Writtle University College and ARU have merged. Writtle’s full range of college, degree, postgraduate and short courses will still be delivered on the Writtle campus. See our guide to finding Writtle information on this site.

Visiting staff

The GSI has benefited from working in collaboration with various Visiting Staff from across a range of academic disciplines and vocational backgrounds. Visiting status is conferred by the Faculty, and all staff sit within one of our three key research themes.

Victor Anderson

Head shot of Victor Anderson

Prof Victor Anderson works on the politics and economics of sustainability. Currently his main project is contributing research on political institutions for the Centre for the Understanding of Sustainable Prosperity (CUSP).
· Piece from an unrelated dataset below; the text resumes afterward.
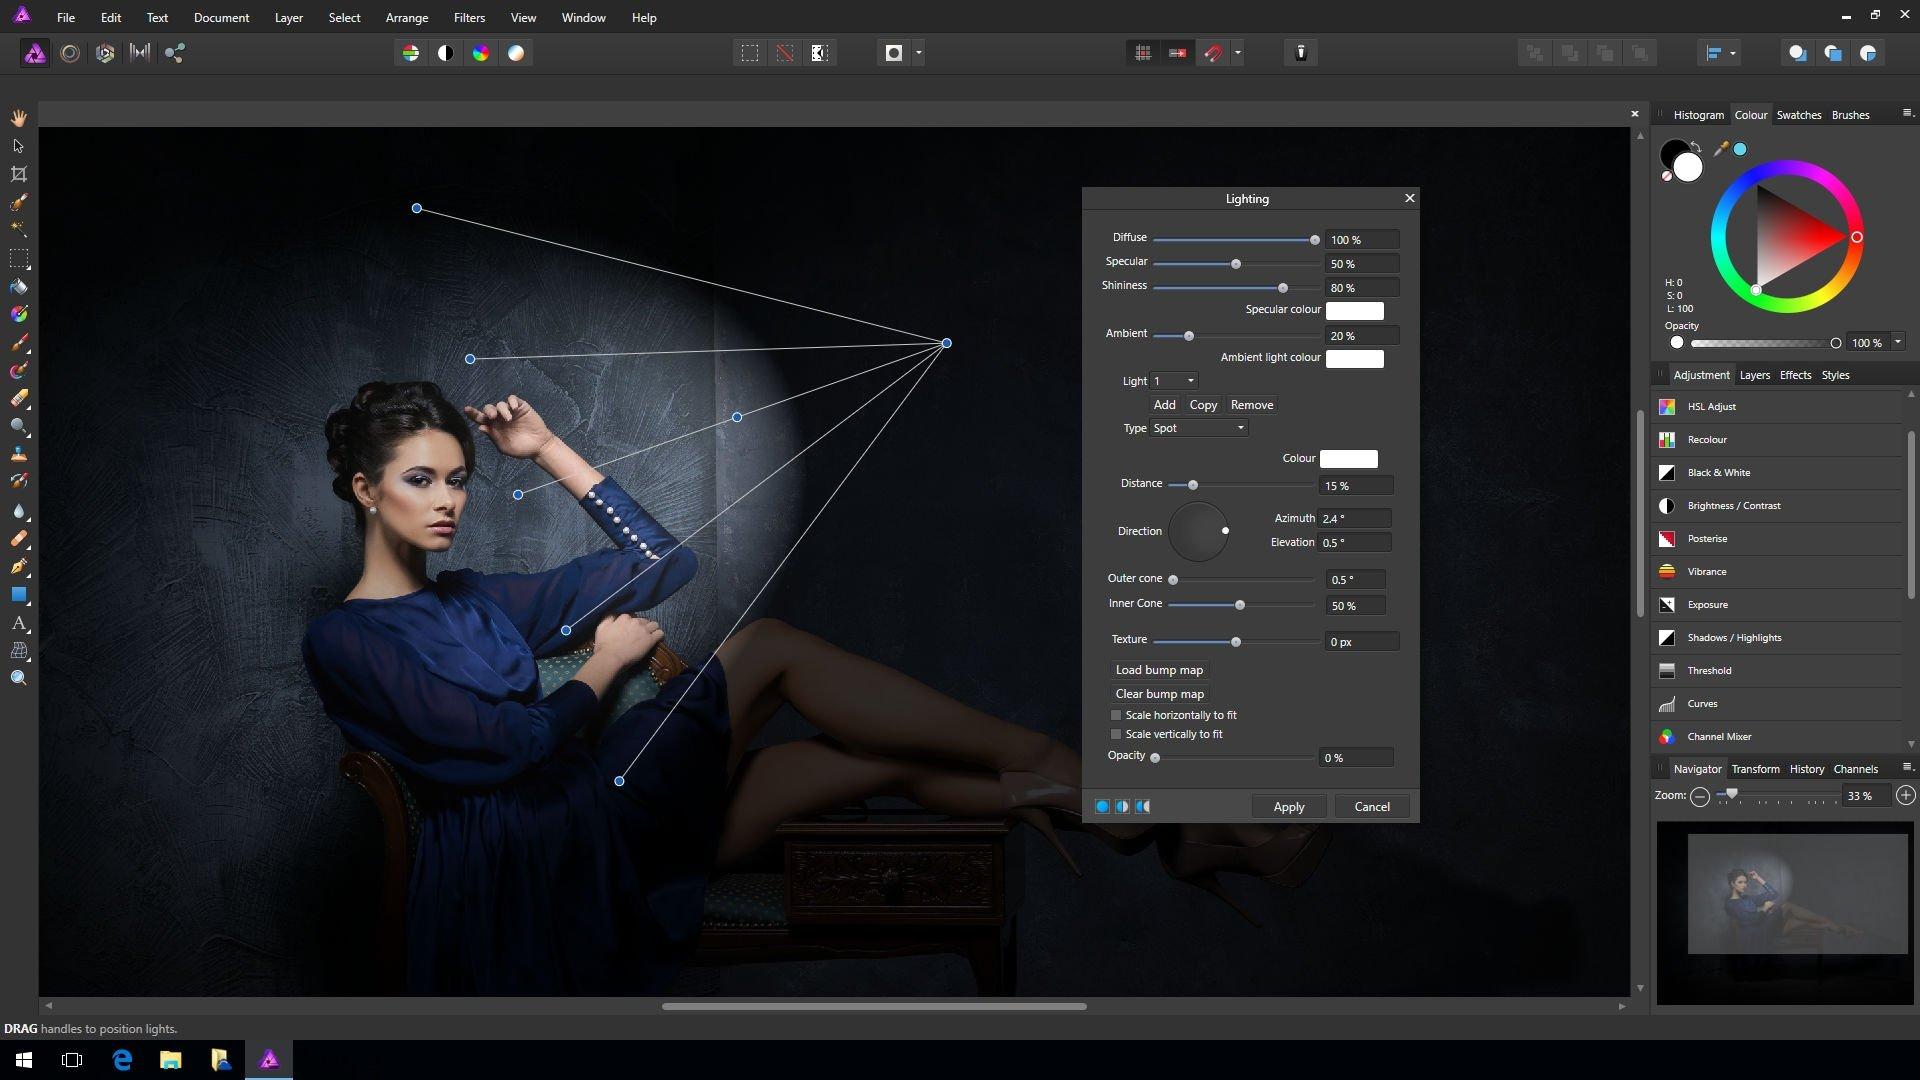 affinity designer free download for windows

He is also investigating the implications of the concept of "natural capital" as part of the Debating Nature's Value network.

Victor has previously worked as an economist for the UK Sustainable Development Commission, a government advisory body in Whitehall, and for the World Wildlife Fund, an environmental NGO. He has worked at the House of Commons as a researcher for MPs, and was an elected politician for three years as a member of the London Assembly, also being appointed Environment Advisor to the Mayor and a Board member of the business-led London Development Agency. He is the author of two books, ‘Alternative Economic Indicators’ and ‘Energy Efficiency Policies’, and hopes that his work on CUSP will result in the third.

Nigel Cooper

Nigel Cooper

Rev Canon Nigel Cooper joined the Global Sustainability Institute as a Visiting Fellow in 2014. He has been the University Chaplain for Anglia Ruskin University in Cambridge since 2005, a post he still holds. He was rector of Rivenhall and Silver End, Essex, for many years before that, and a visiting fellow at Essex University. Nigel is an Honorary Canon of Ely Cathedral.

Nigel has combined his ecological and church interests in four main ways: Ecological consultant to the Church of England; Promoting general environmental awareness and behaviour; Encouraging a spiritual approach to nature and has led ‘nature and spirit’ retreats, and; Research into the philosophy of nature conservation and related topics.

Panayiotis Dimitrakopoulos

Profile picture of Panayiotis Dimitrakopoulos

Dr Panayiotis G. Dimitrakopoulos studied environmental sciences in the Department of Environment of the University of the Aegean, Mytilene, Greece. He obtained his Ph.D. degree on the relationship between biodiversity, fire, and ecosystem processes in the Mediterranean grasslands, from the University of the Aegean in 2001. His postdoctoral research on the effects of biotope space on the biodiversity-ecosystem functioning relationship is carried out in the Department of Environmental Sciences, University of Zurich, Zurich, Switzerland, and is funded from the European Science Foundation (LINKECOL program). He was elected to the position of Assistant professor in the Department of Environment, University of the Aegean in 2004, Associate professor in 2011 and Professor of Functional Ecology in 2018. He has served as a Head of Department from 2014 to 2018.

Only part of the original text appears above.